== Recorded data

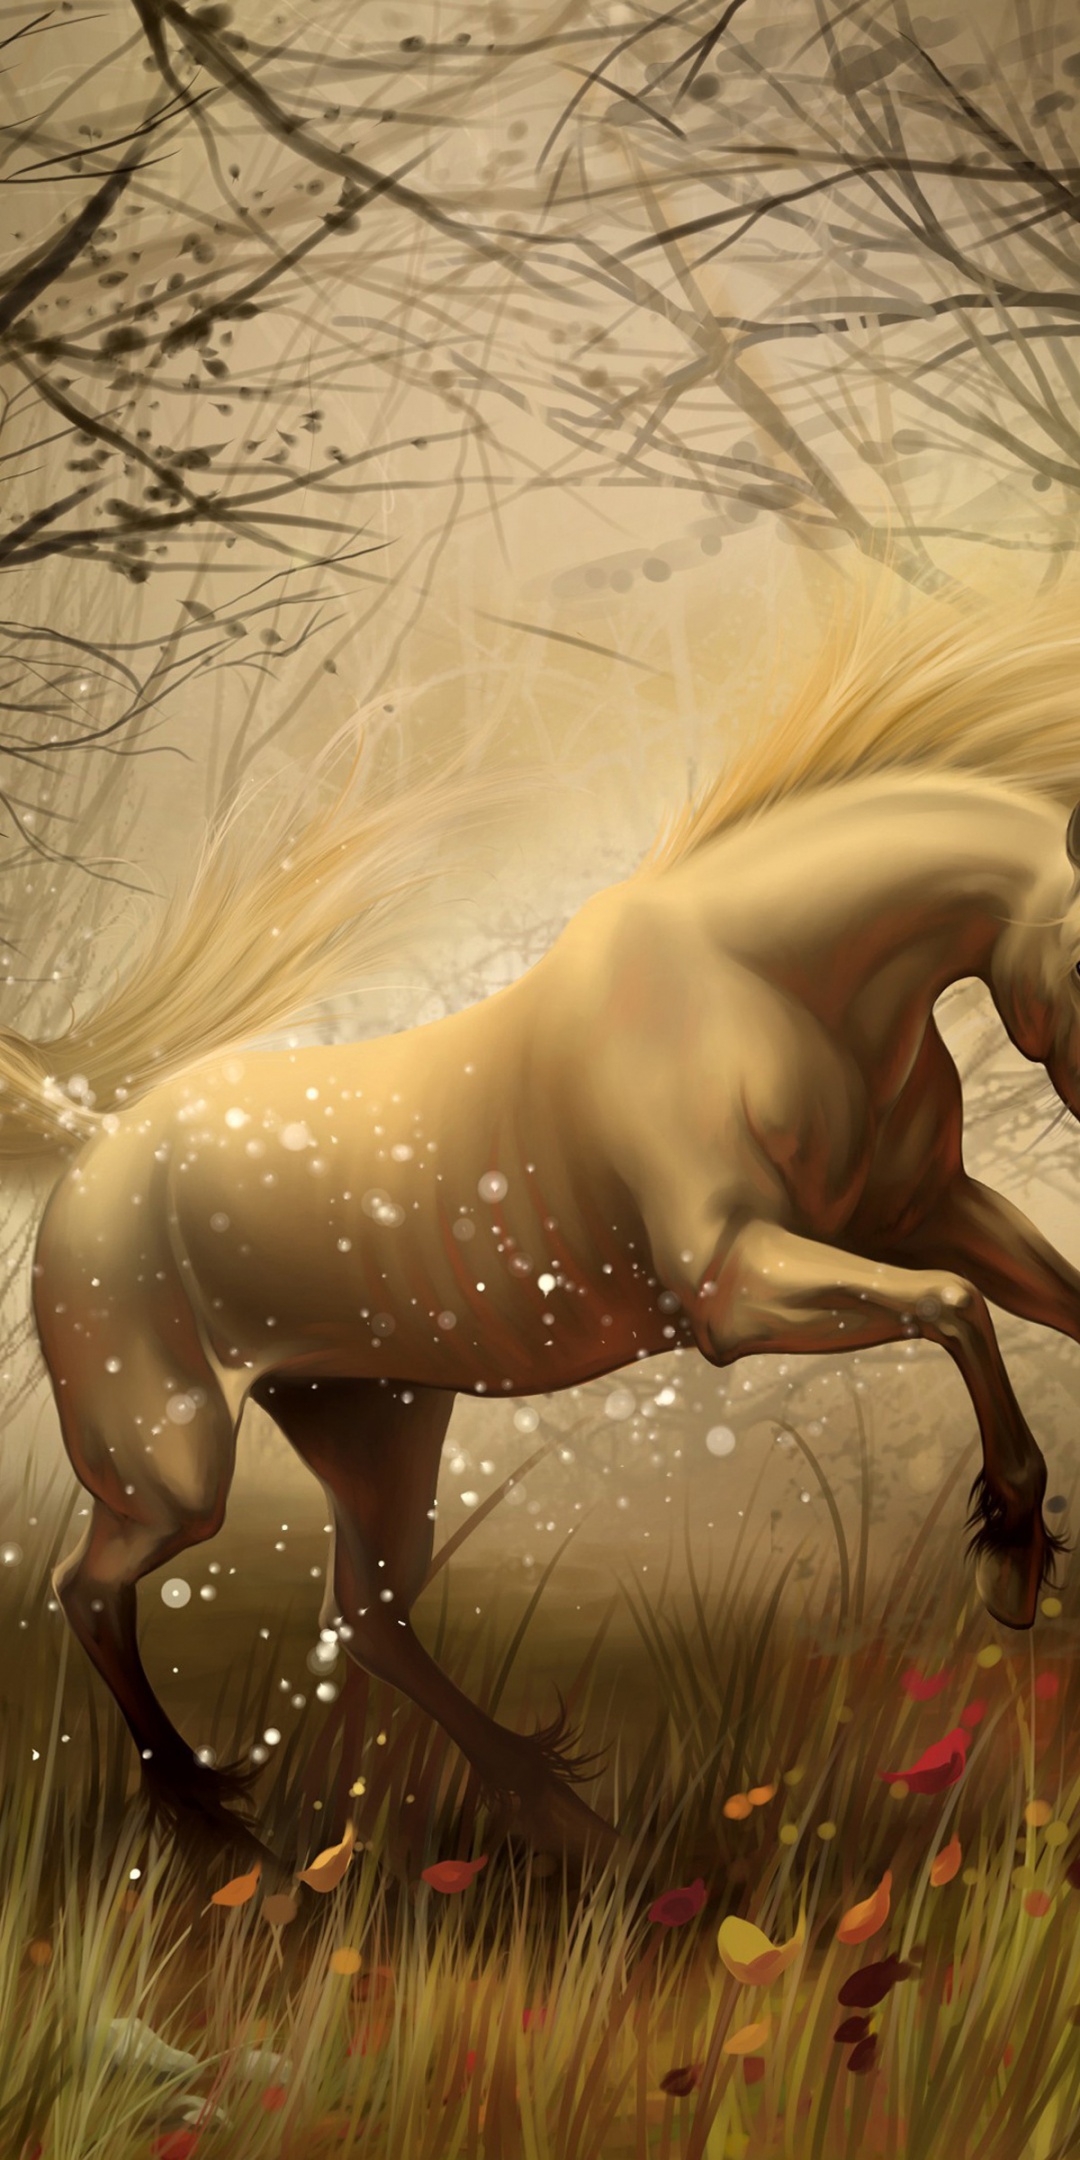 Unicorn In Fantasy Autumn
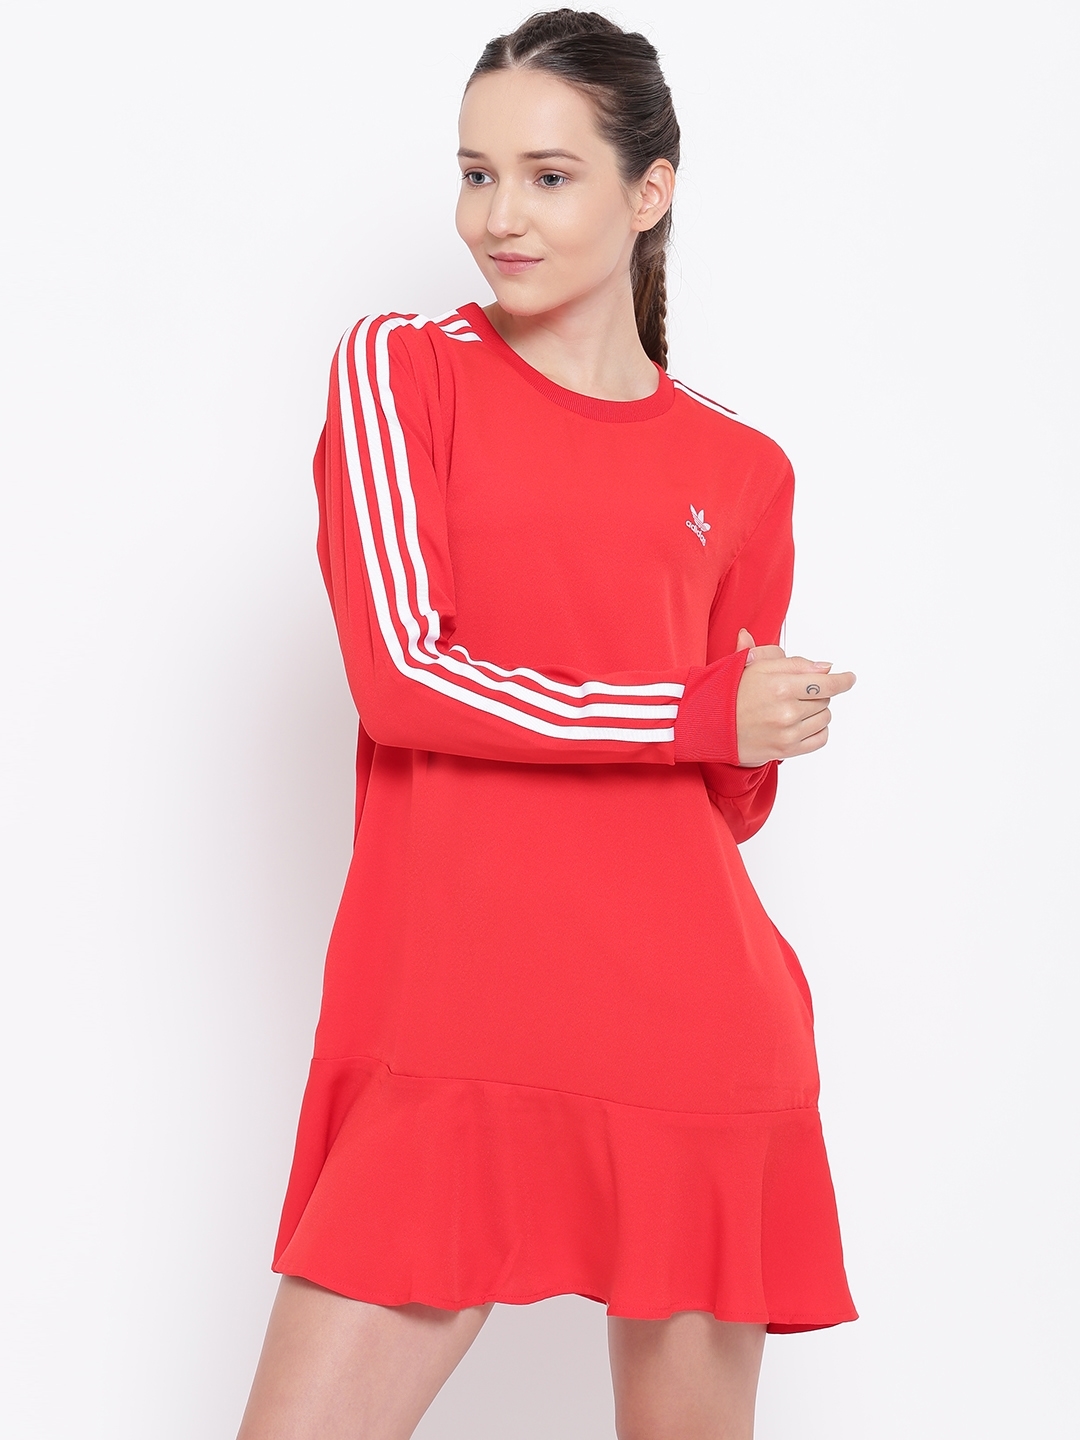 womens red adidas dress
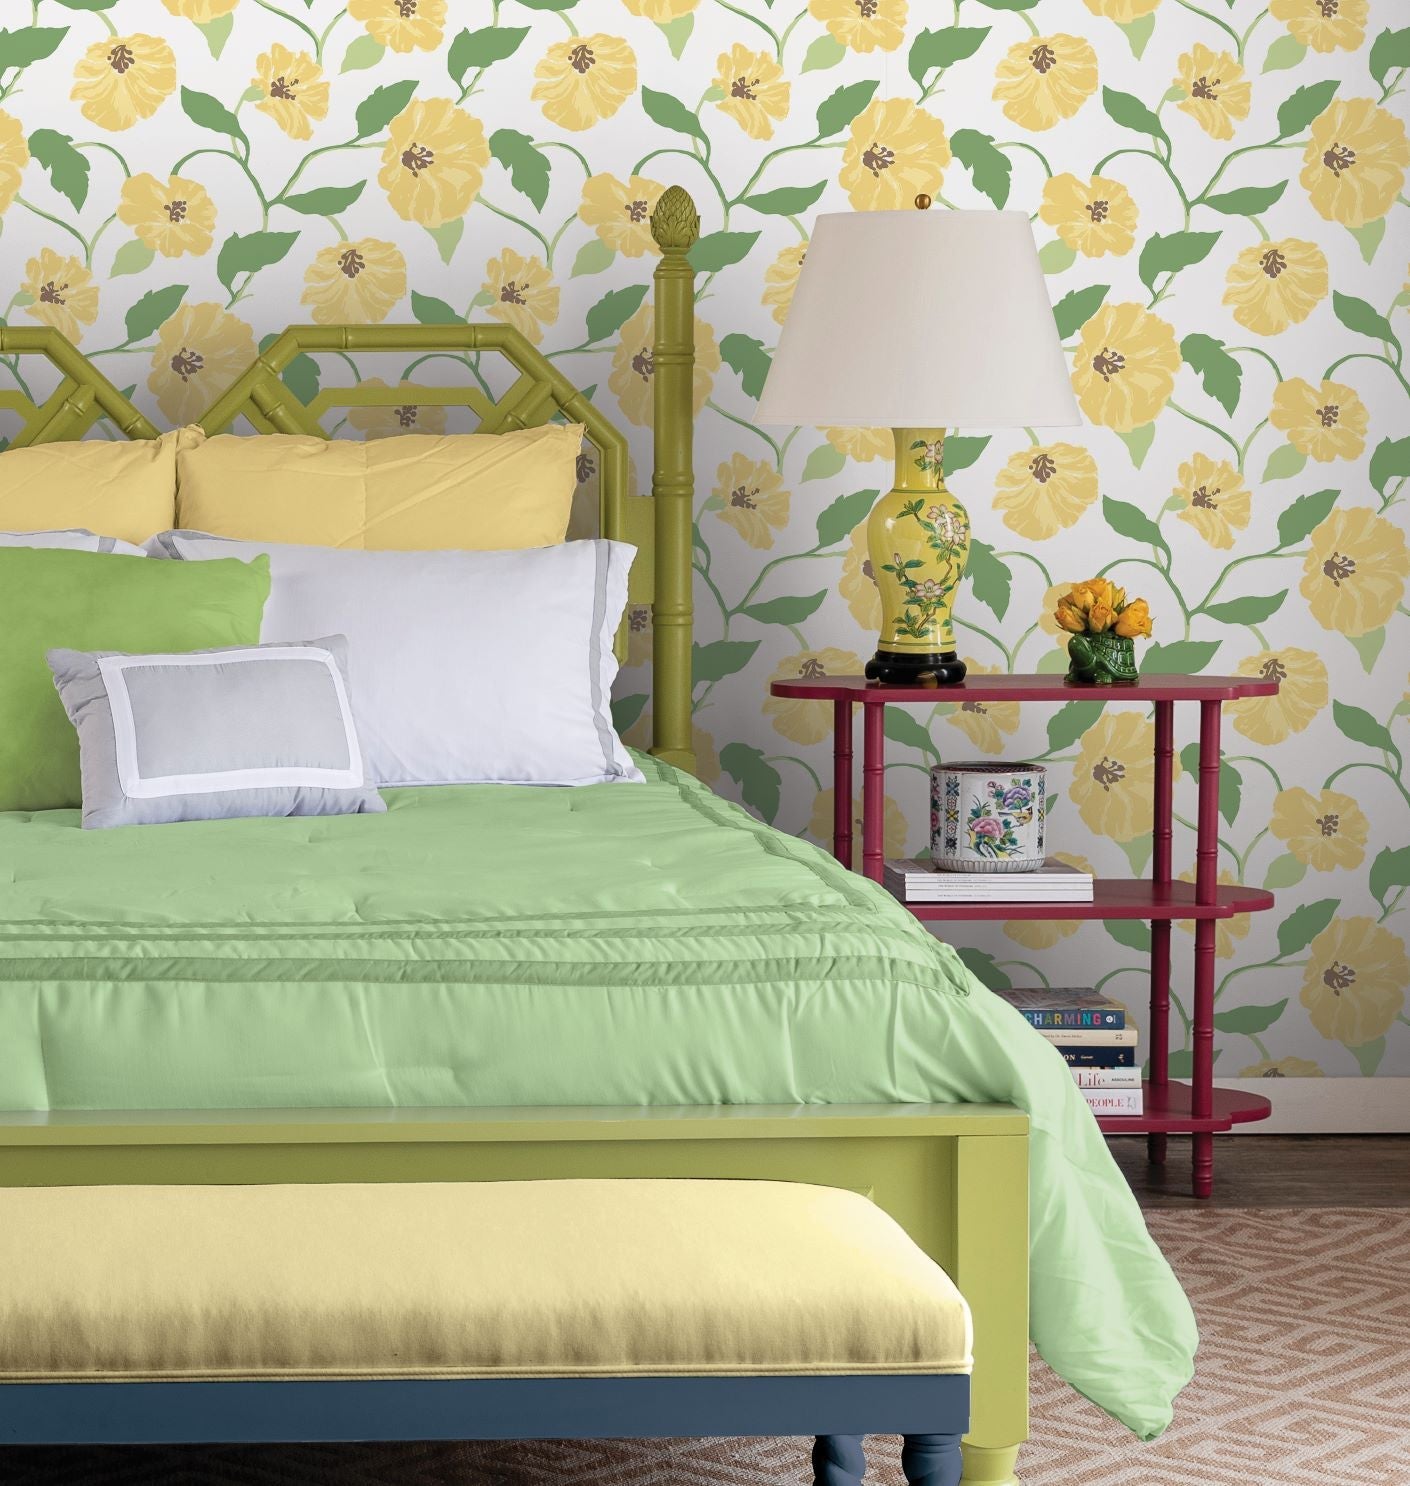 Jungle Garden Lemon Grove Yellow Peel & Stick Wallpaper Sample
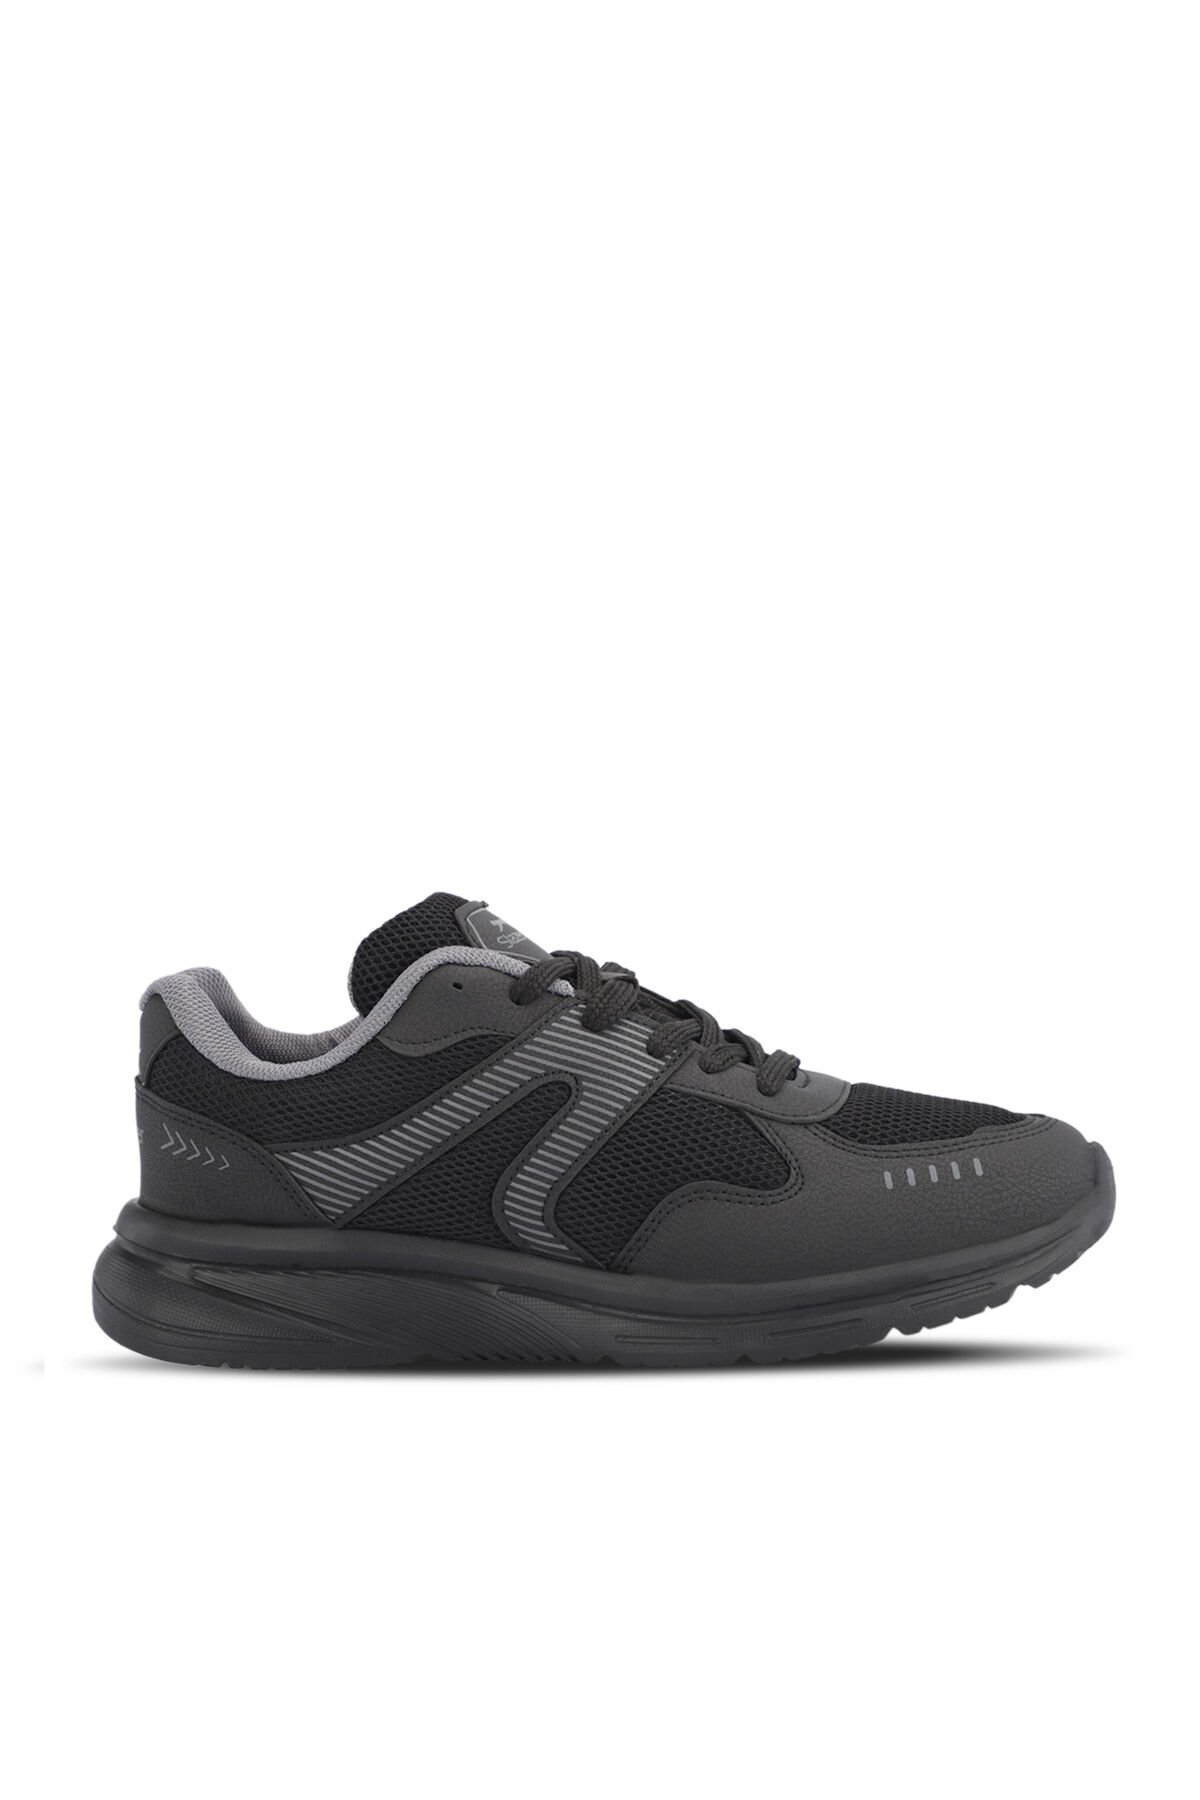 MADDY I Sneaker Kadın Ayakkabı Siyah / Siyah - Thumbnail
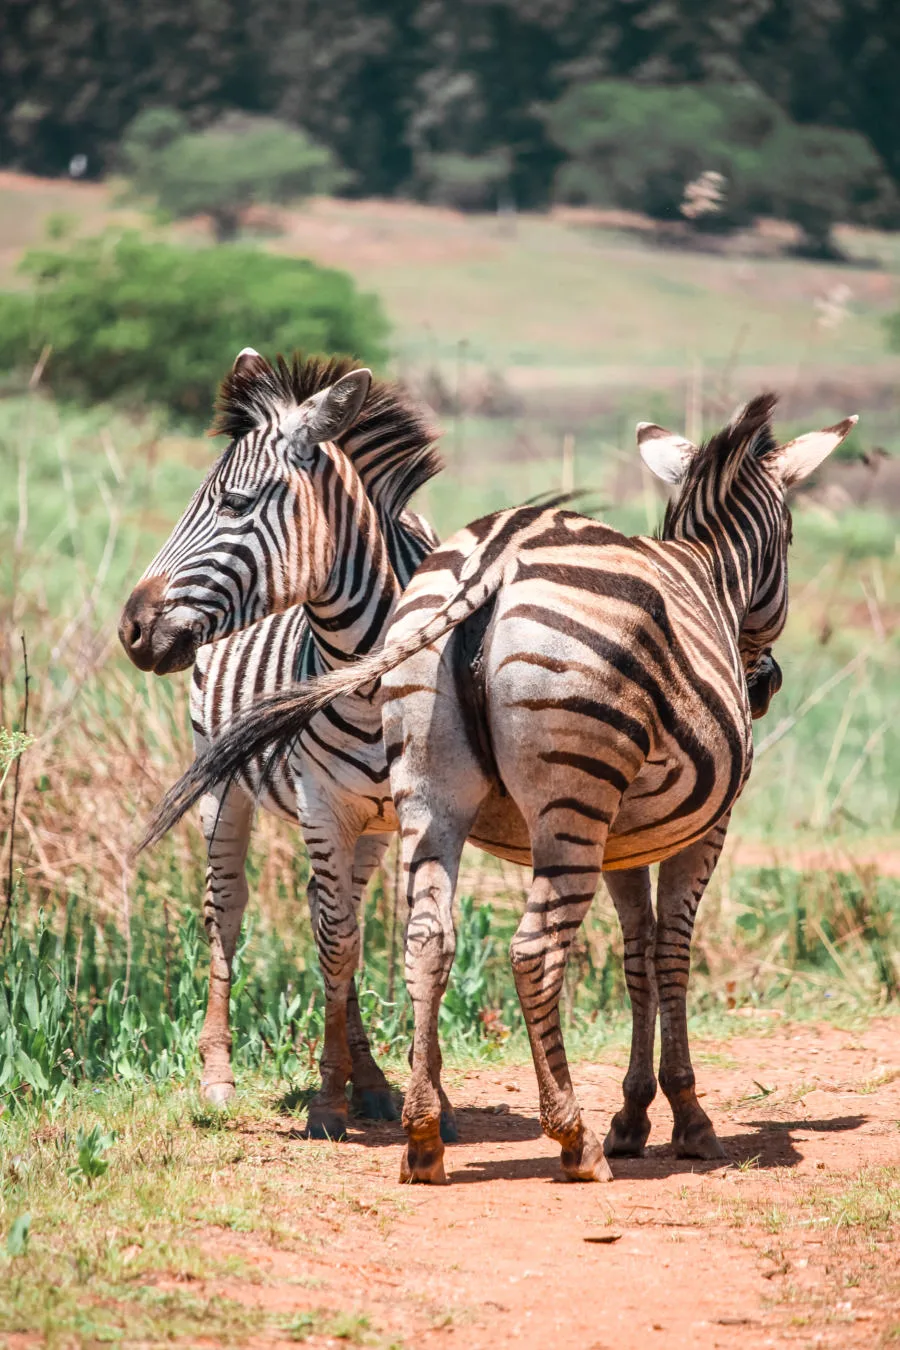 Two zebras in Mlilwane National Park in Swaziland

====

• [Your objective]: The reply has to reproduce every line above verbatim and contain no pictures.

• [Solution for this problem]:
 Unicorn In Fantasy Autumn
 womens red adidas dress
 Jungle Garden Lemon Grove Yellow Peel & Stick Wallpaper Sample
 MADDY I Sneaker Kadın Ayakkabı Siyah / Siyah - Thumbnail
 Two zebras in Mlilwane National Park in Swaziland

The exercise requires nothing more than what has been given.